Scraps #6
A bunch of scrappy notes from 2025-07-18 to 2025-07-25, posted on
What are the haps?
We're rushing through July and things aren't slowing down. The weather here is... variable, shall we say. Gone are the days of consistency, we're getting high winds, blazing sun, heavy rain, calm overcast skies and lightning in a single day.
It's unreliable! But hey, at least I've got the consistently high quality of the human web to keep me feeling positive, and the consistently poor state of information security to keep me feeling negative. They balance out, right?
Spotlight
- I have had the legendary Pierre Carrier's website bookmarked for many moons, and keep coming across his awesome stuff. He just posted that he has, via xmit.dev, launched Let It Be Known, which is a service that offers free subdomains for anyone that wants 'em, and it's super easy to manage to boot. There's another thing from him down in the Tech section but I wanted to spotlight libk.org and encourage you to check out his website and writing because he is top tier
- Luke emailed me about his new /blank page, a delightfully blank page (except for the wonderful addition of some flowers) which I have added to my Intentionally Left Blank post!
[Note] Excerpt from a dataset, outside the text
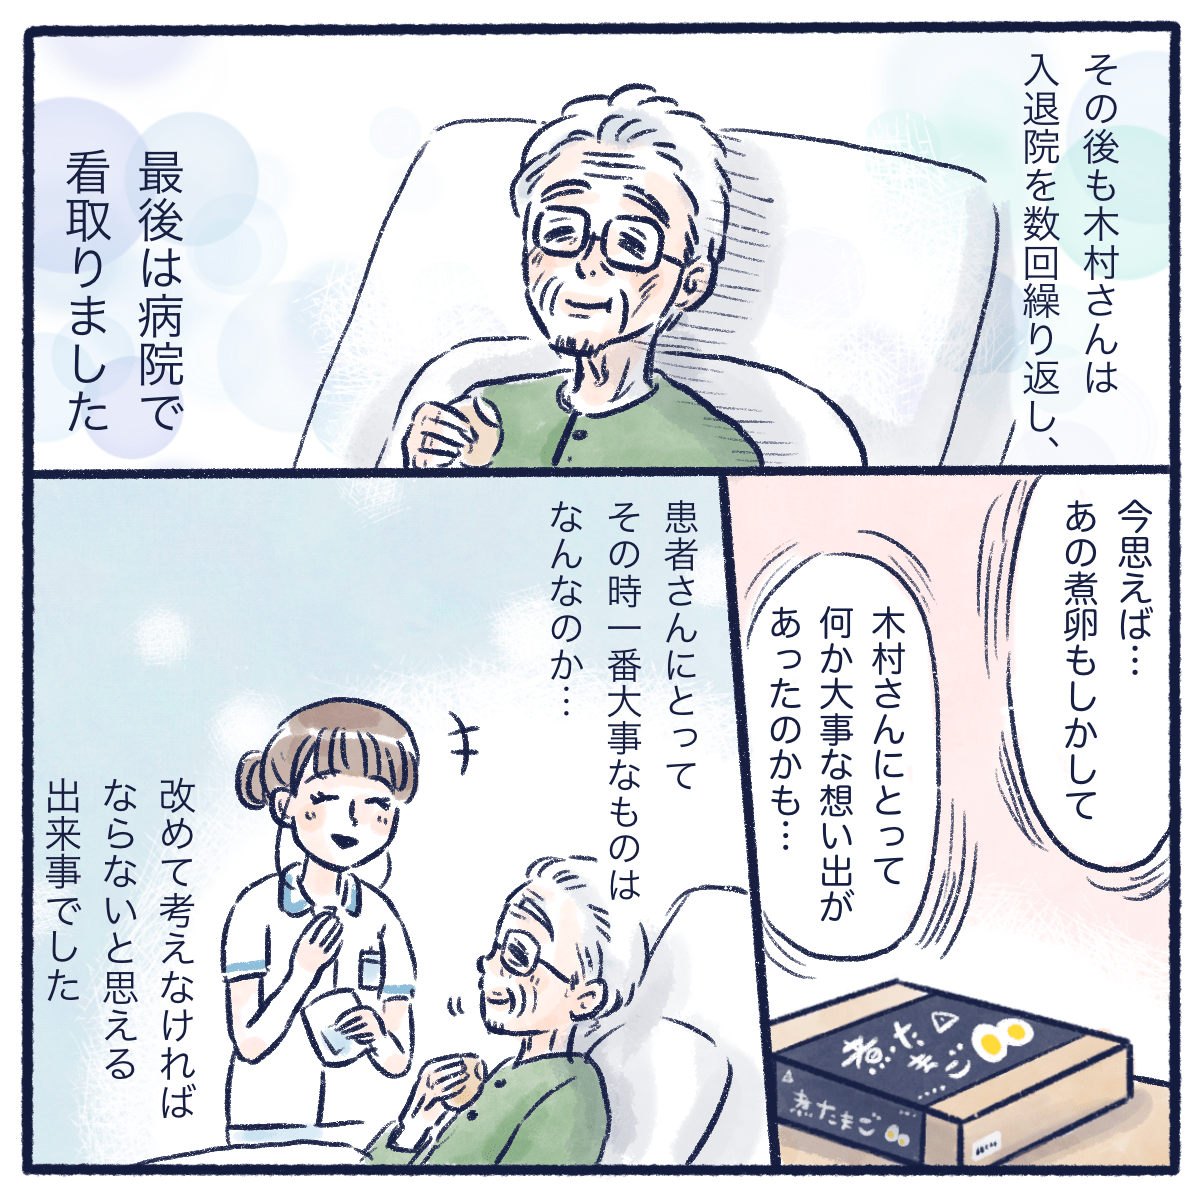 入退院を繰り返した木村さんはその後他界するが患者さんに1番大切なものはなにかをかんがえることの大切さを知る

Indieweb, Fediverse & Social Media - people stuff
My list of posts to read and websites to browse grows faster than I can consume them. At this rate I'm going to need to employ a content curator!
- Will has a chop - a personal seal - that is used to stamp art he creates. But he had a thought... Why can't this apply to digital stuff, too?
- Moderating a community hard work, as highlighted by Mark. Support your mastodon instance team if you can!
- The privacy of Firefox has been a given for a long time, perhaps you shouldn't trust it though? Evan doesn't think so
- David thinks people should surf the web again! You know, instead of living inside the corporate web. And he has three quick guidelines to make it a more enjoyable and meaningful experience
- @hyde has a great series of interviews called Over/Under, where he seeks out the opinions of a specific web denizen regarding particular things. This time around he's asked Elizabeth Tai about digital gardens, social media, rss, books and tea
- Alan Levine gets nostalgic for one of the earliest html tutorials on the web, something he himself put together back in 1994!
- And on internet nostalgia, who still uses text based (ascii) smileys o.O ? I do :D and so does Adële!
Infosec, sysadmin & code - tech stuff
It's been a busy week on the tech front, with some pretty significant infosec-related events.
- MDN (Mozilla development network) celebrates 20 years with cake, a tradition from browser vendors during the nostalgic early Firefox days
- Pierre (that brainbox from today's spotlight) has been digging into mouse latency recently. He then dug into it some more, which included building a tool to get even better data, and has gotten deep into USB land.
- Some SharePoint admins struggled to sleep over the weekend as ToolShell was used to compromise on prem instances across the internet
- An outsourced, third party tech support org allowed credential resets without verifying identity. Yikes.
- I was playing around with some HTML & CSS stuff, trying to prevent LLMs from scraping website content for an upcoming post the other day. I discussed some of the experiments on the 32bit.cafe discord server and Lera took an idea that emerged and built an online obfuscator tool which automates this for you!
- When it comes to pissing off LLM scrapers, @ache has written up how to build and serve a HTML zip bomb
- Google launches OSS Rebuild, a project that builds open source packages and compares the resulting resource with the published one, enabling automated confidence that a package is what it says it is
- Using OSINT, researchers have put together the structure of a Russian SIGINT unit, using their commemorative badges
- Of course we can't go a week without hardcoded creds in a widely used product, can we? This week it's HPE Access Points
- I love peeking behind the curtain of a big organisations technical infrastructure. Netflix has just posted part 1 of how they got live TV to work
- Yorick is dealing with the frustratingly loose HTTP spec
That's Scraps #6 concluded for this week. Keep posting awesome stuff, peeps!